Problem description: Would you please transcribe the listing exactly, with no images?

Material provided:

* * * * *

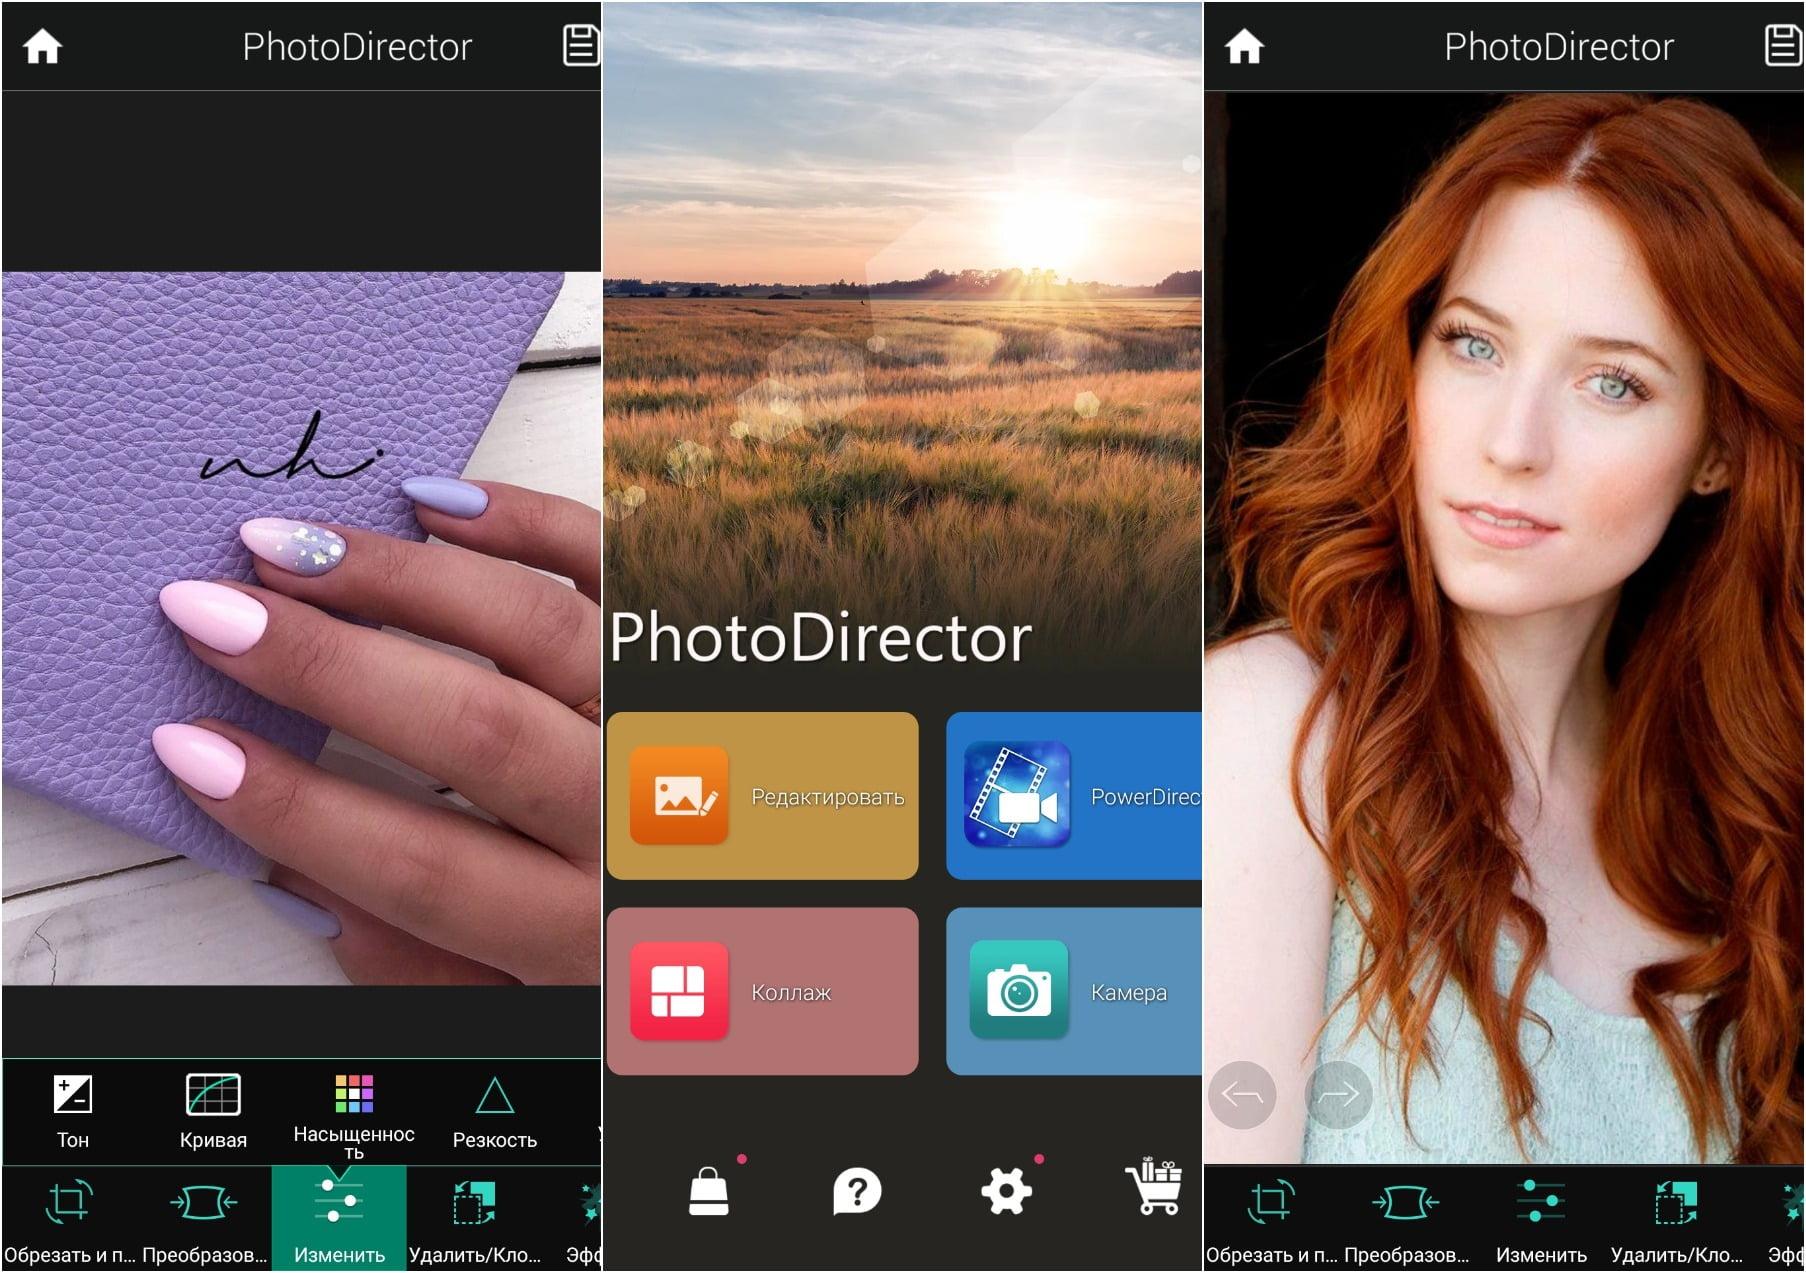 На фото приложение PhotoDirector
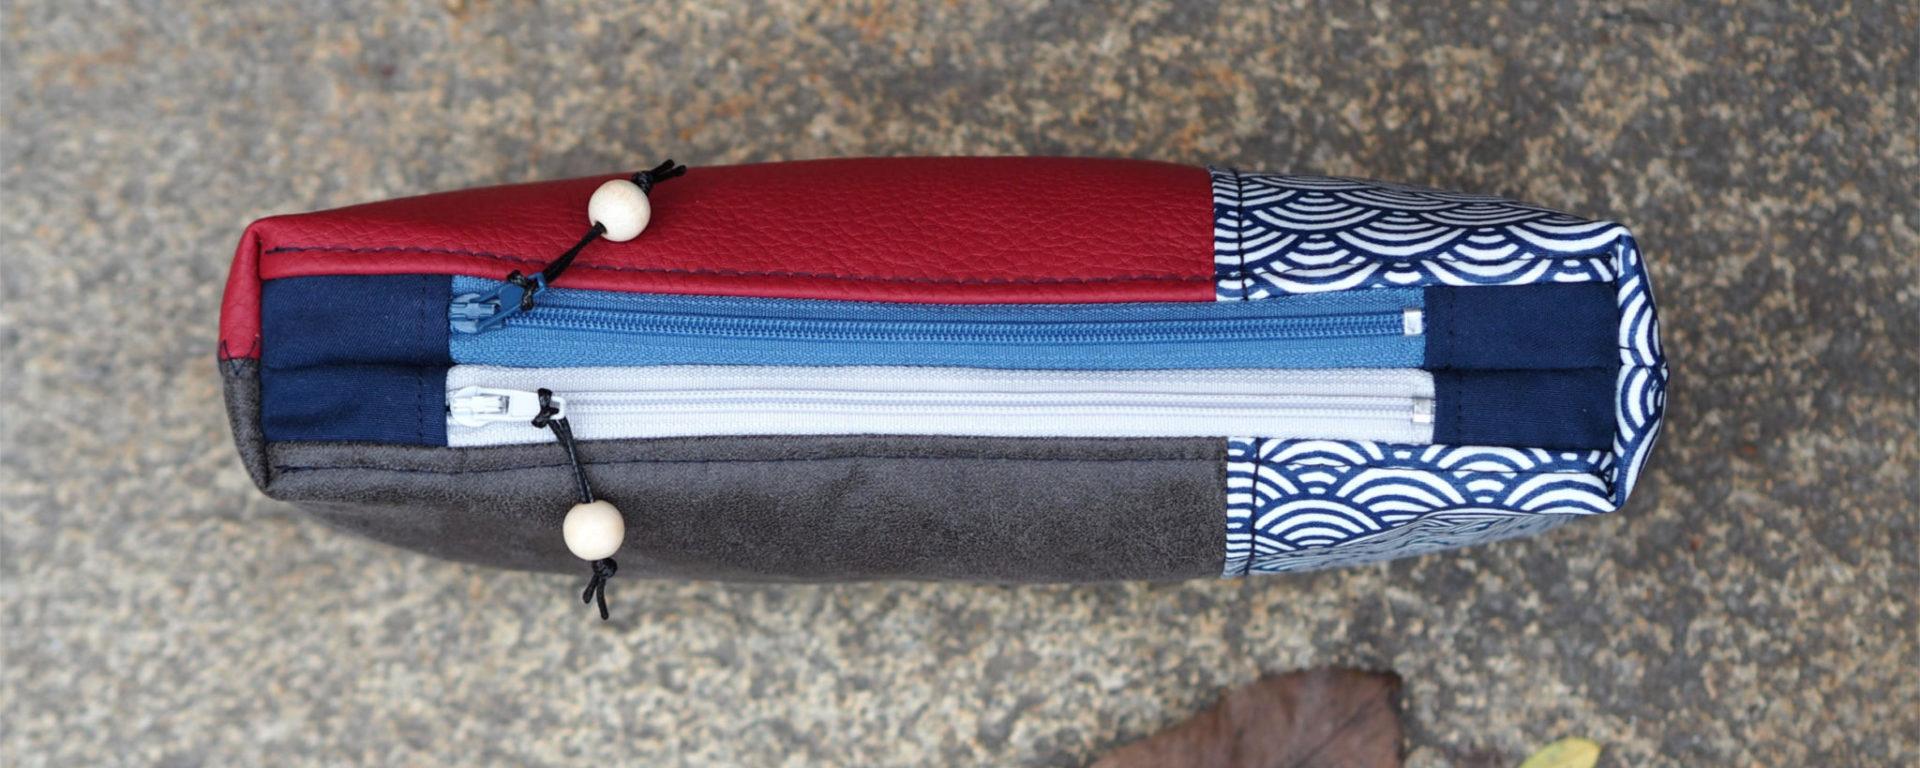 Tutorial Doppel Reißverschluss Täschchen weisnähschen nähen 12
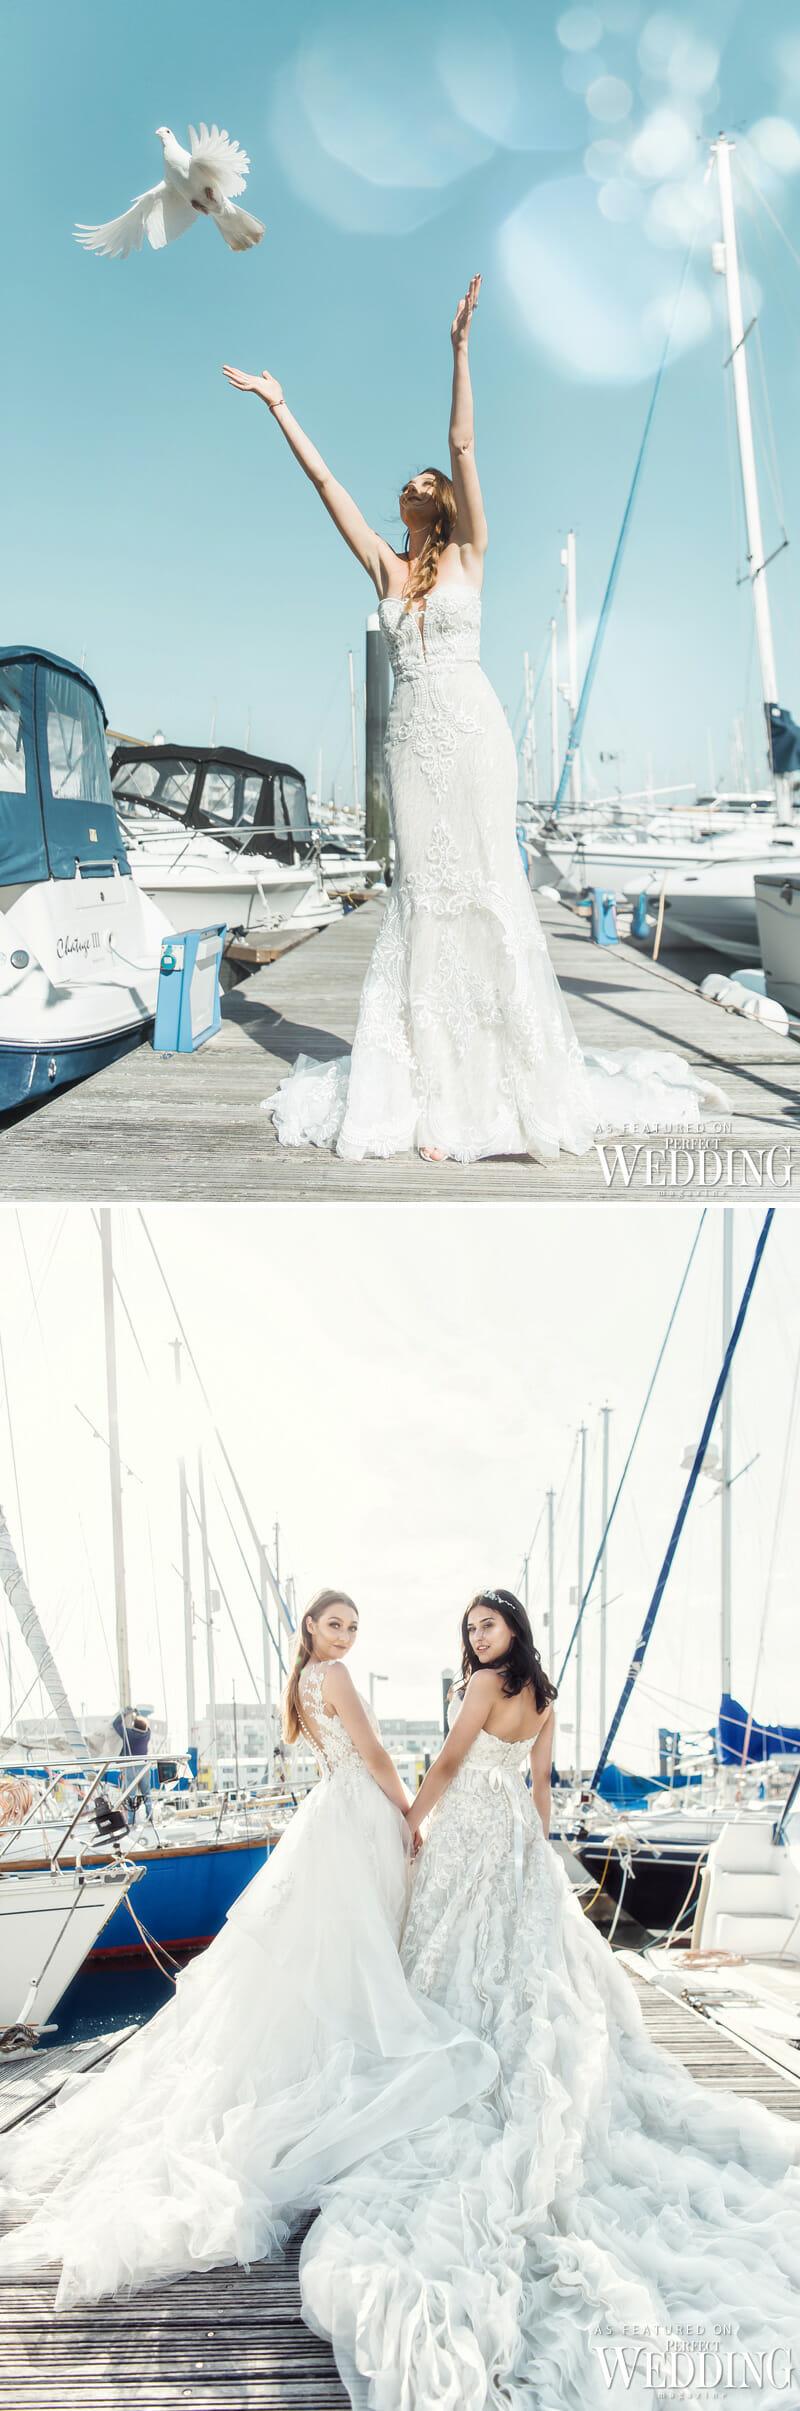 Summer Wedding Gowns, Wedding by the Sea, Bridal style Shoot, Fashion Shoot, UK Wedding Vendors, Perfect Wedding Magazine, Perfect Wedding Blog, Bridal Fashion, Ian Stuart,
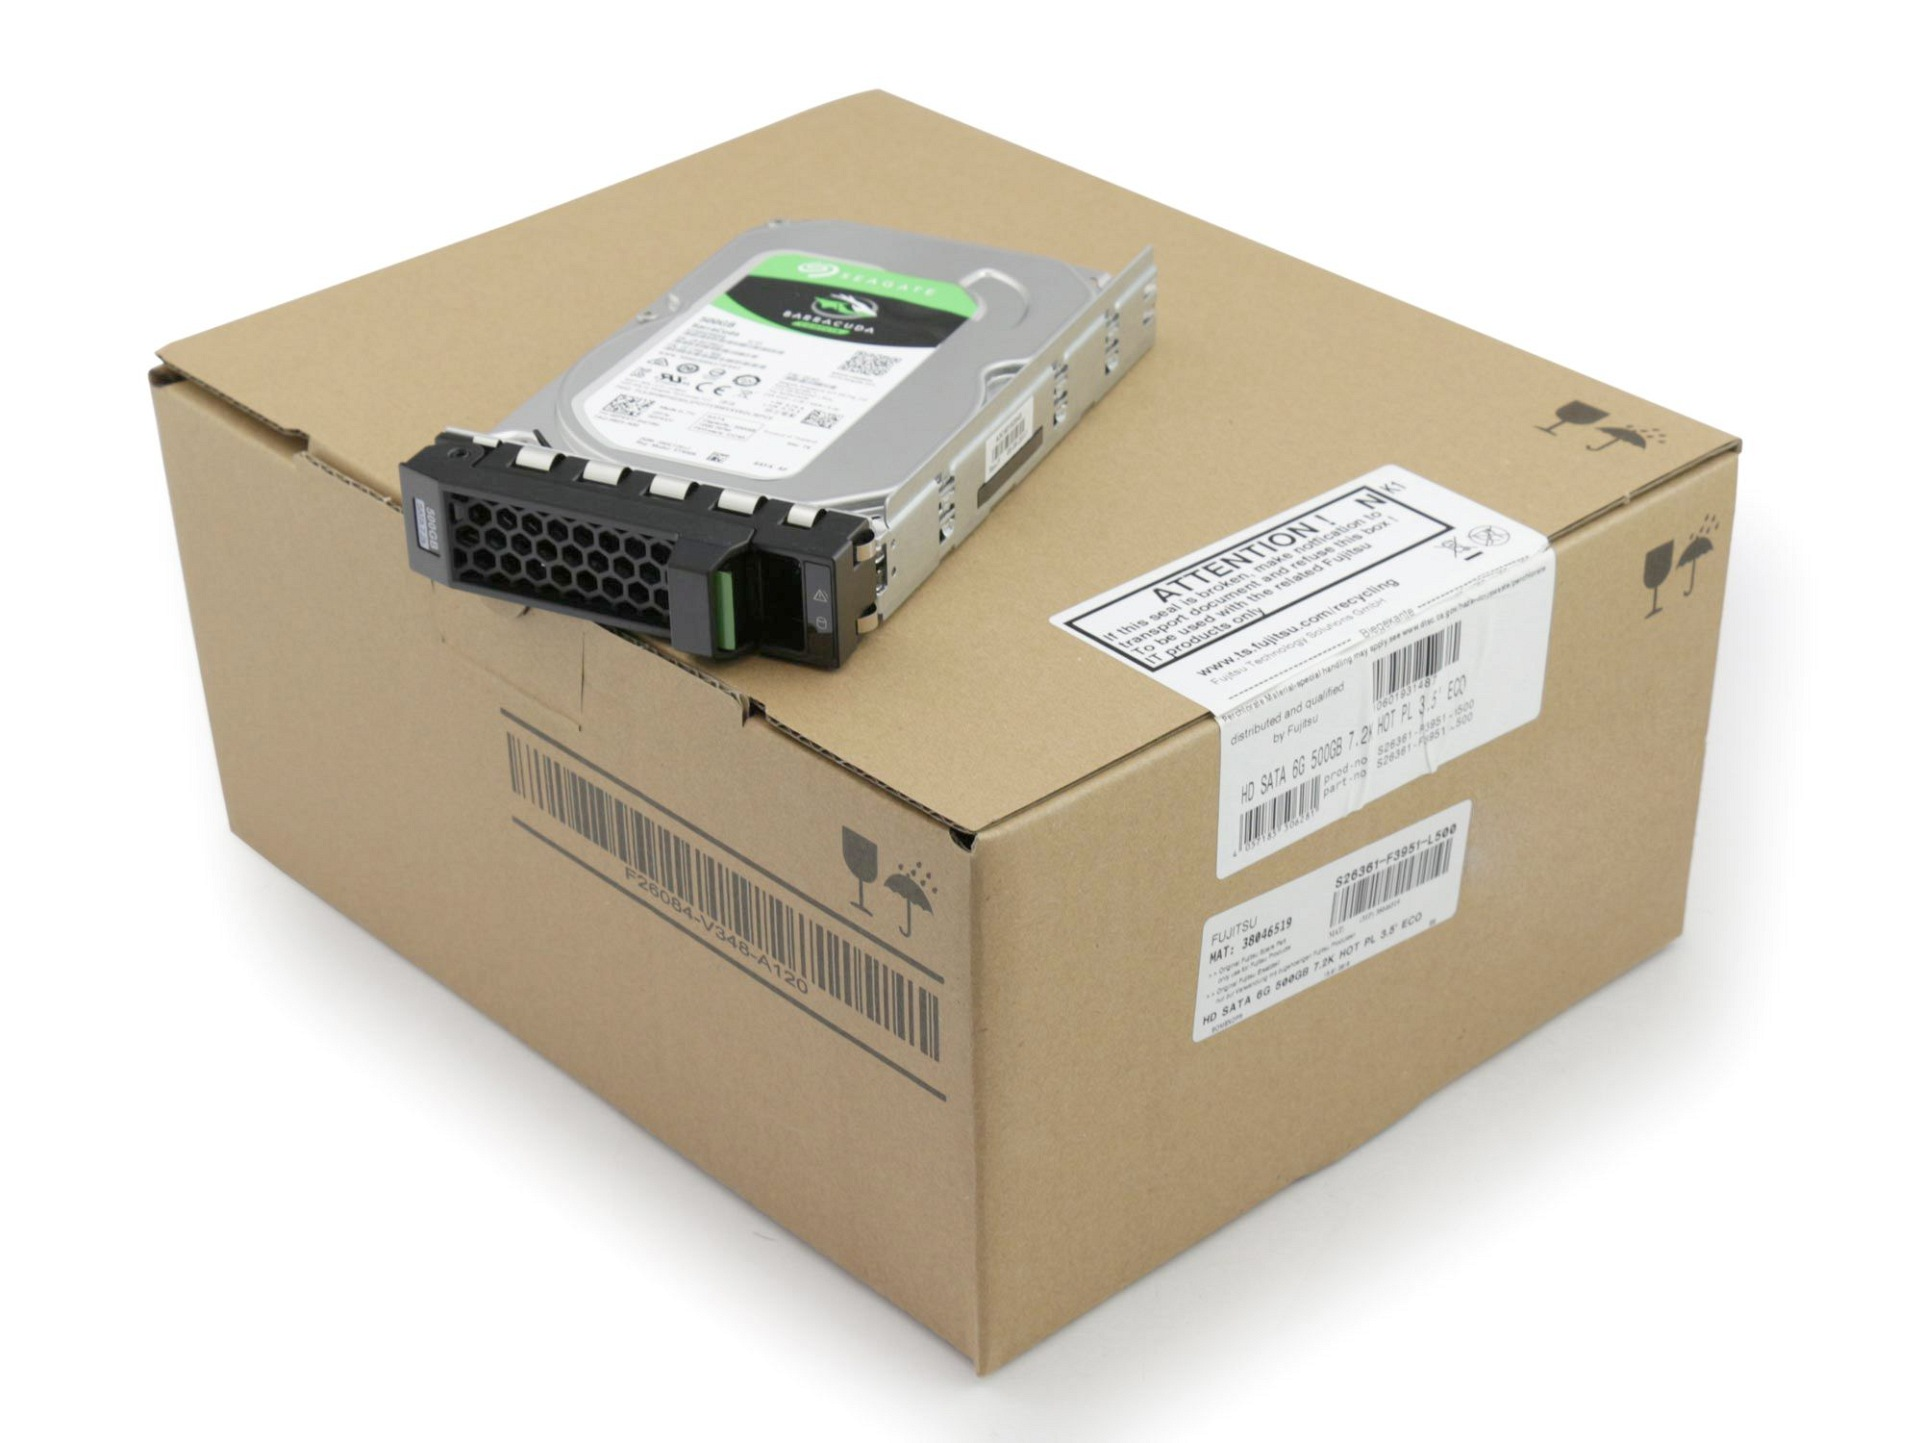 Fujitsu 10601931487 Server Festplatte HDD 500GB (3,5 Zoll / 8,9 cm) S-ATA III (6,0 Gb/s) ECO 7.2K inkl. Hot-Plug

* * * * *

Answer to this exercise:
 На фото приложение PhotoDirector
 Tutorial Doppel Reißverschluss Täschchen weisnähschen nähen 12
 Summer Wedding Gowns, Wedding by the Sea, Bridal style Shoot, Fashion Shoot, UK Wedding Vendors, Perfect Wedding Magazine, Perfect Wedding Blog, Bridal Fashion, Ian Stuart,
 Fujitsu 10601931487 Server Festplatte HDD 500GB (3,5 Zoll / 8,9 cm) S-ATA III (6,0 Gb/s) ECO 7.2K inkl. Hot-Plug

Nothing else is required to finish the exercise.